Now, to actually use this, you have to do three things:
1) Create a concrete Product subclass that you want to have created.
2) Create a concrete Producer subclass that does nothing but create a new instance of the desired concrete Product.
3) Register the Producer with the Factory.
It might look like:
class FooProducer : public Producer{ public: Product* ProduceInstance() { return new Foo(); }};
main() might contain the registration and factory construction:
int main(){ Factory factory; factory.RegisterProducer("fooKey",FooProducer()); Product *foo = factory.Create("fooKey");}
Now, the gut reaction among many is to argue that that since you have to create a new Producer subclass for every Product subclass, you're doing the same
amount of work as with type-switching. That's true.
However, one of the big advantages here is that you can (with a big of extra work, such as using templates to remove specific dependencies on the base classes and key type) build yourself a generic abstract factory that is extended from
client code, rather than the requiring modification (and recompiling, and redistribution, et cetera) of the
library code where the factory resides. This reduces coupling and generally results in a cleaner design, since the client specifics (the concrete types) are located with the rest of the client code and not with the reusable framework code. You've also removed the need to write explicit logical tests and leverage both existing code and the language itself to do a lot of the tedious gruntwork of resolving the appropriate function calls.

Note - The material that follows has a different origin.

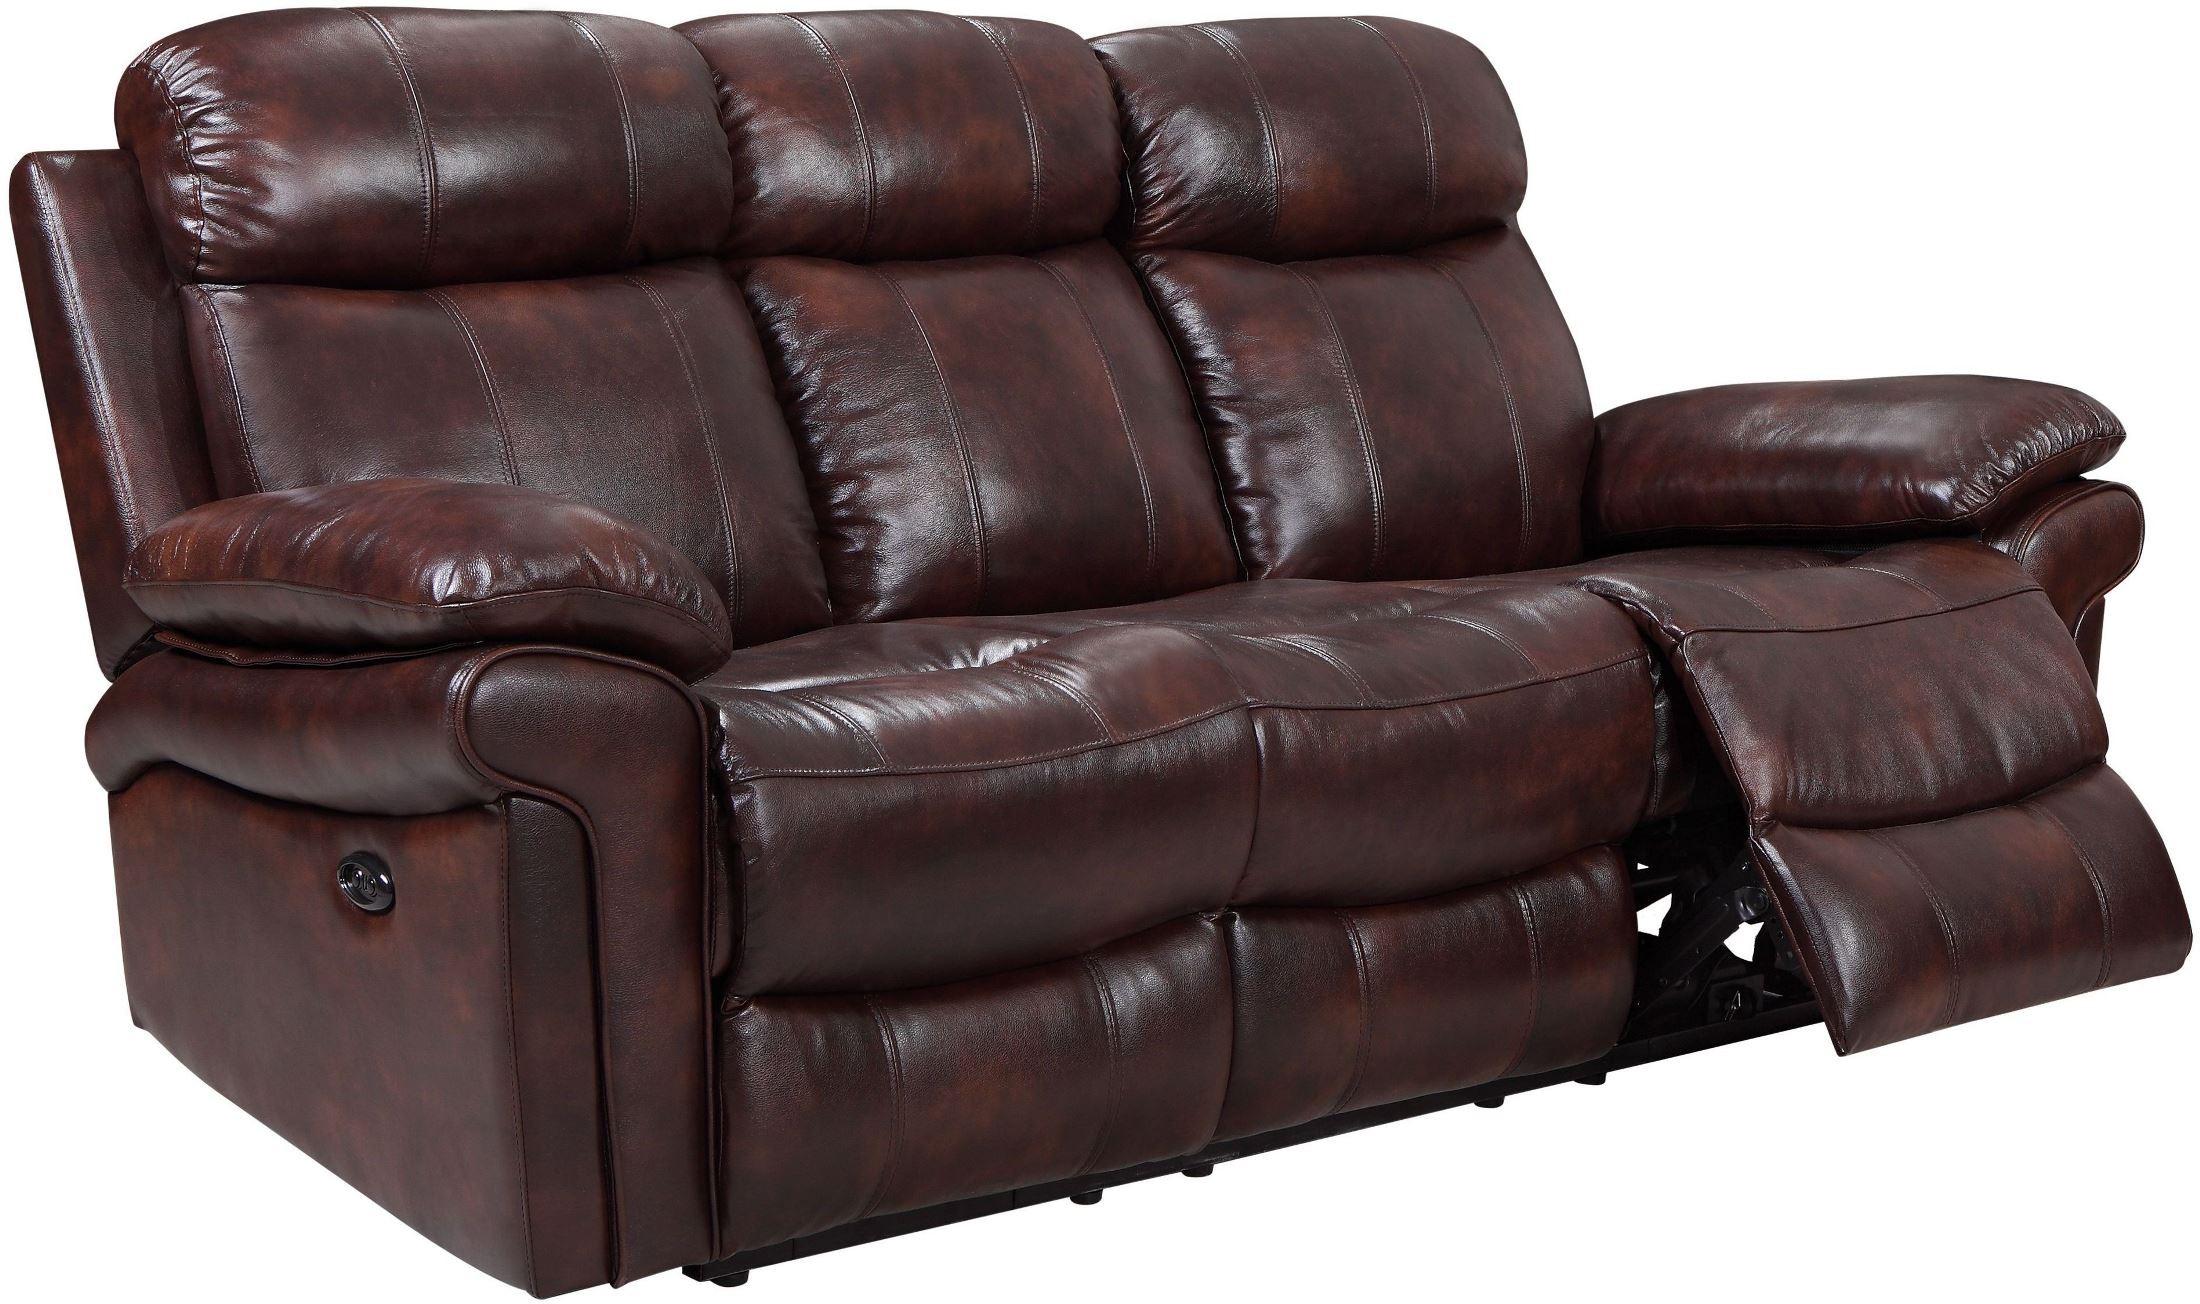 reclining sofa leather brown gray nailhead set shae joplin power from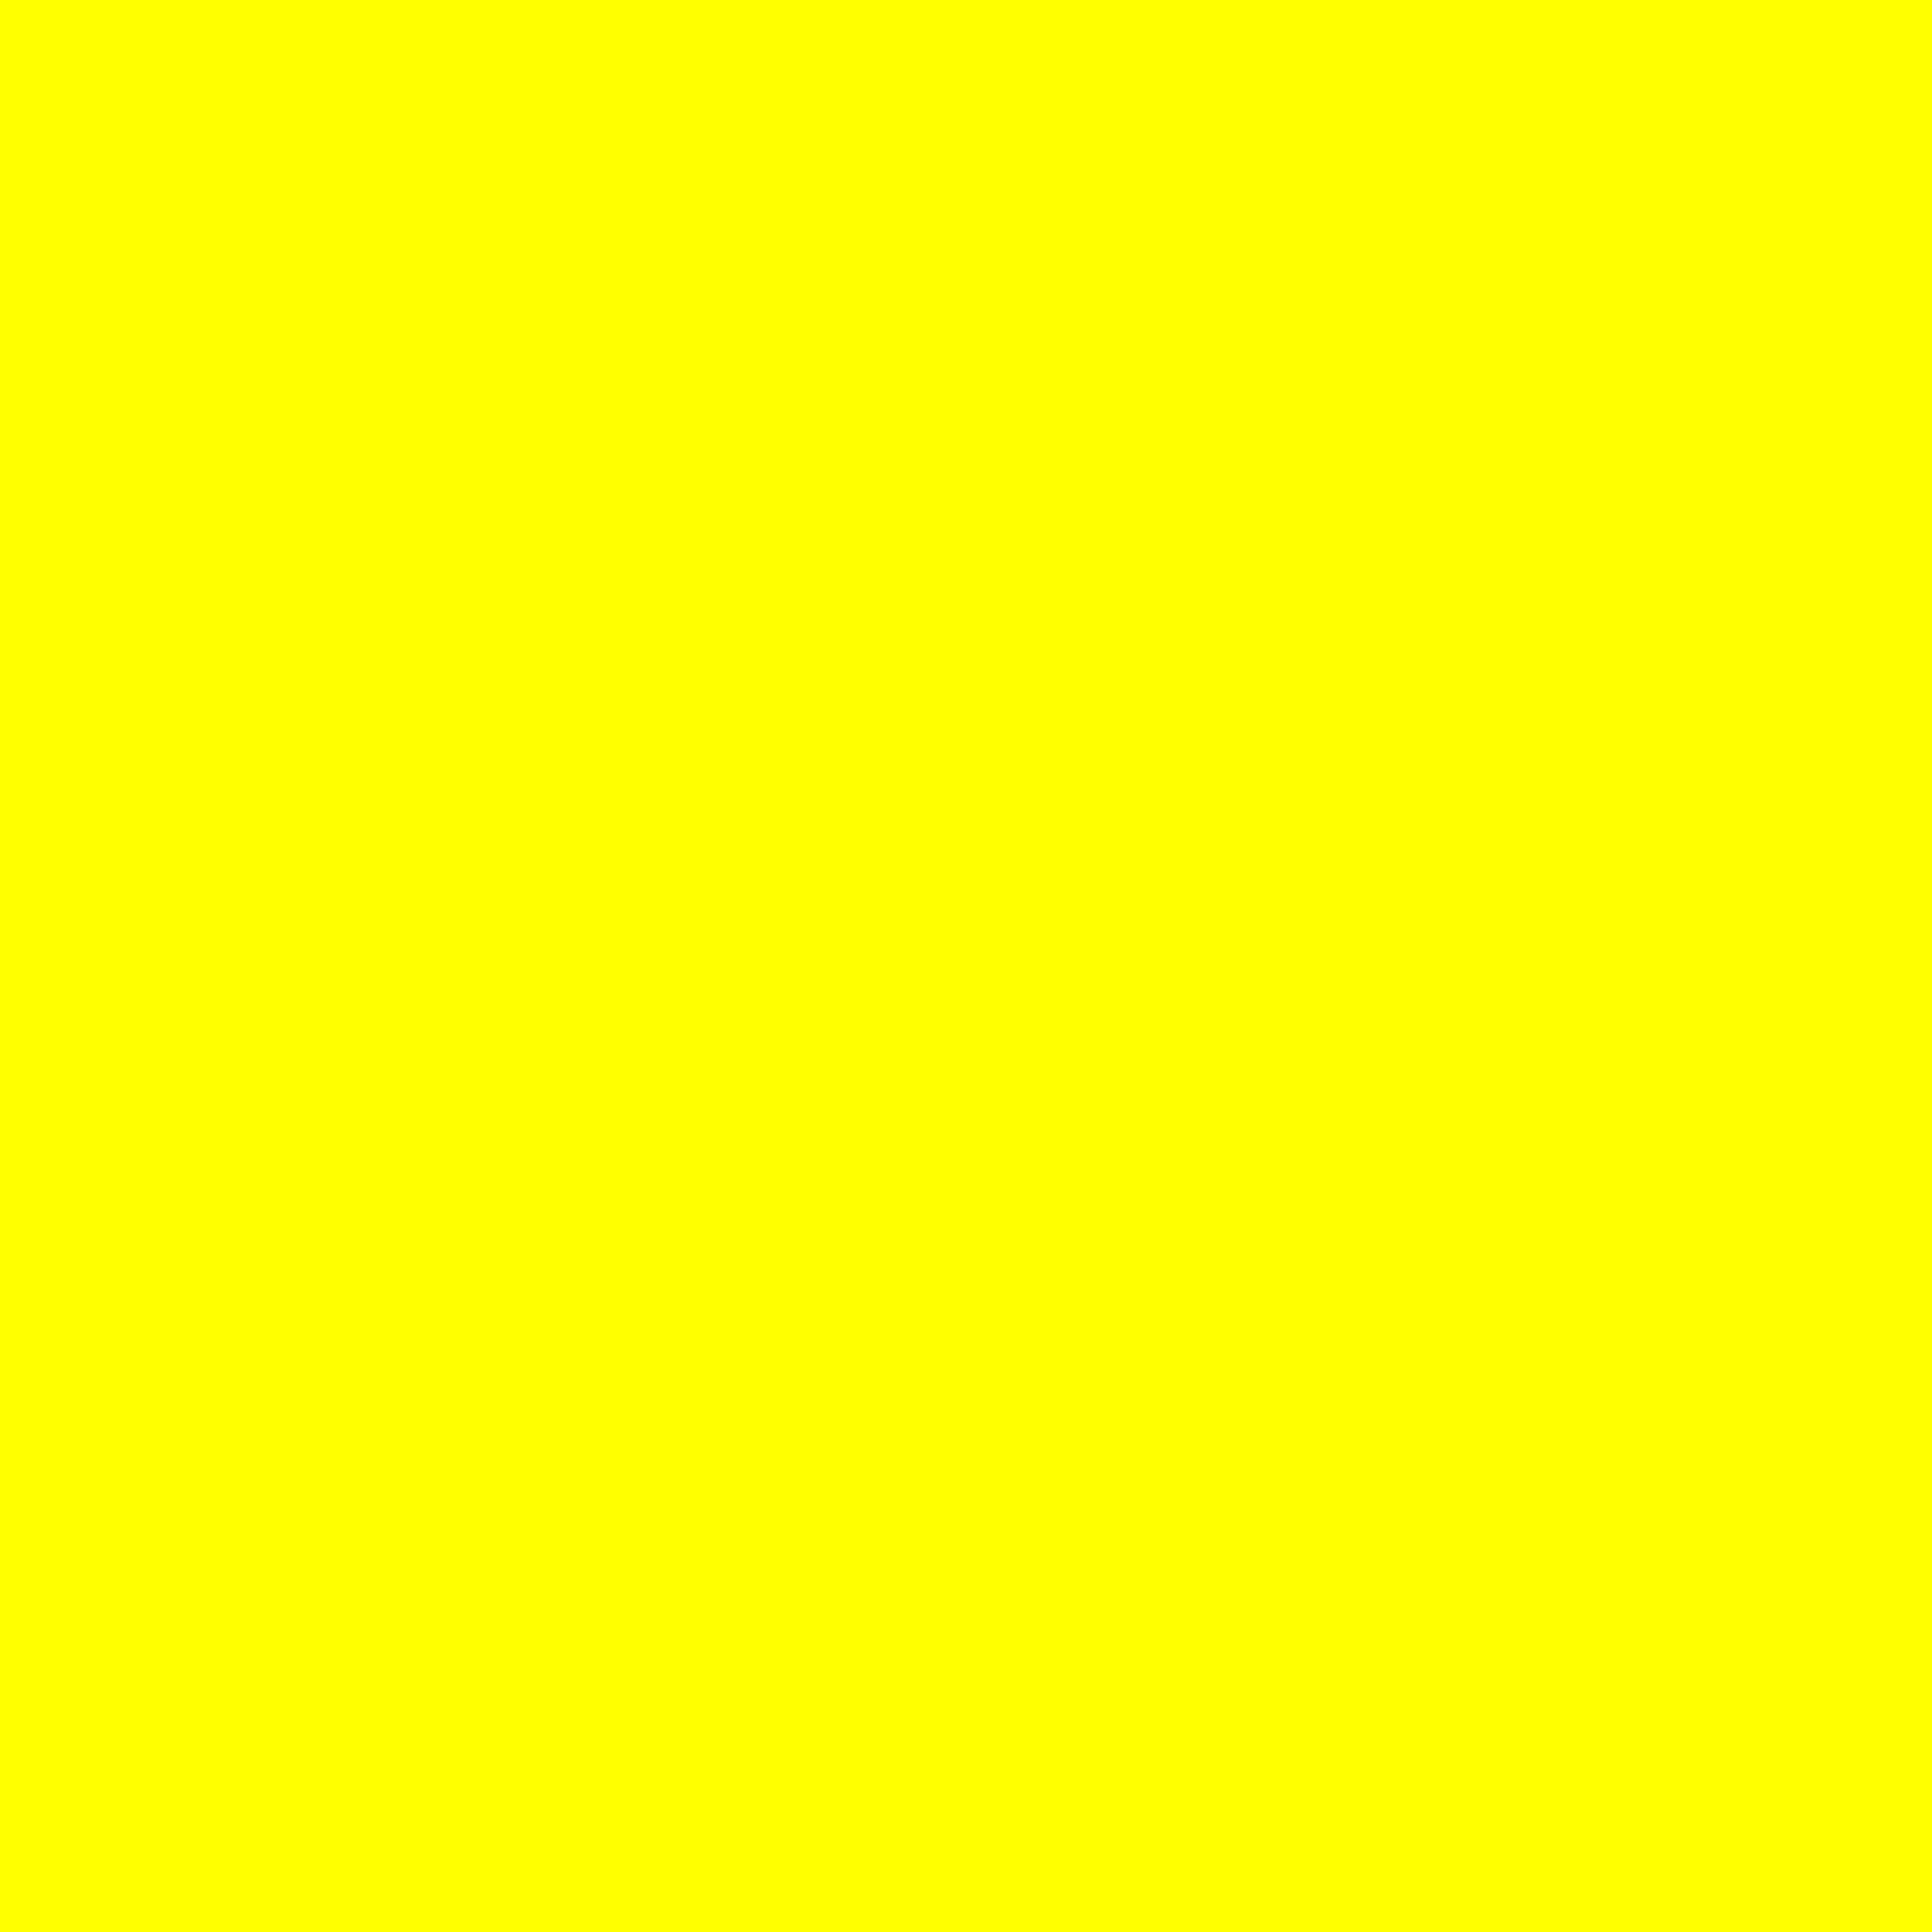 Square clipart yellow Color Yellow Clip Color Art

Now, there are definitely improvements to be had: my example is, in the grand scheme of things, rather crude. I would encourage you to look into existing abstract factory implementations (again, libindustry and Loki are probably good places to start) and see how they're implemented; they employ a number of interesting and clever tricks, optimizations, and generalizations that result in much better production code than my ad-hoc example.
Anyways. I got a bit carried away by all that, some of which I'm sure you know, and didn't address your specific issue fully. The above principals can be applied to your situation, and it does sound like you've done so to at least some extent. For your load and save functions, presumably you have to call some method on the input object to actually get at the serializable data within that object (I hope you're not just writing the object's bits directly to a stream!). Since that enforces an interface on the type T anyway, you may as well continue to extend that interface to have it provide a method for getting the objects "serialization key" (which could in your case just be the name of the class). You'll have to manually provide the value of this key yourself, perhaps via a static method (you wouldn't necessarily want RTTI do that for you anyway, as the values of its type name strings are implementation dependent).
Your save function would then write the value of that key to the stream, followed by doing whatever actual serialization you require. Your load function would then read that key and give it to the factory (which would be more or less identical in spirit to my implementation, except it take a parameter in the Factory::Create() and Producer::ProduceInstance() methods that was the binary data read from the file that the actual object is to be deserialized from).
If you're doing generic serialization work, you might also want to examine Boost's serialization library. It's complex, but you might be able to get some ideas from it.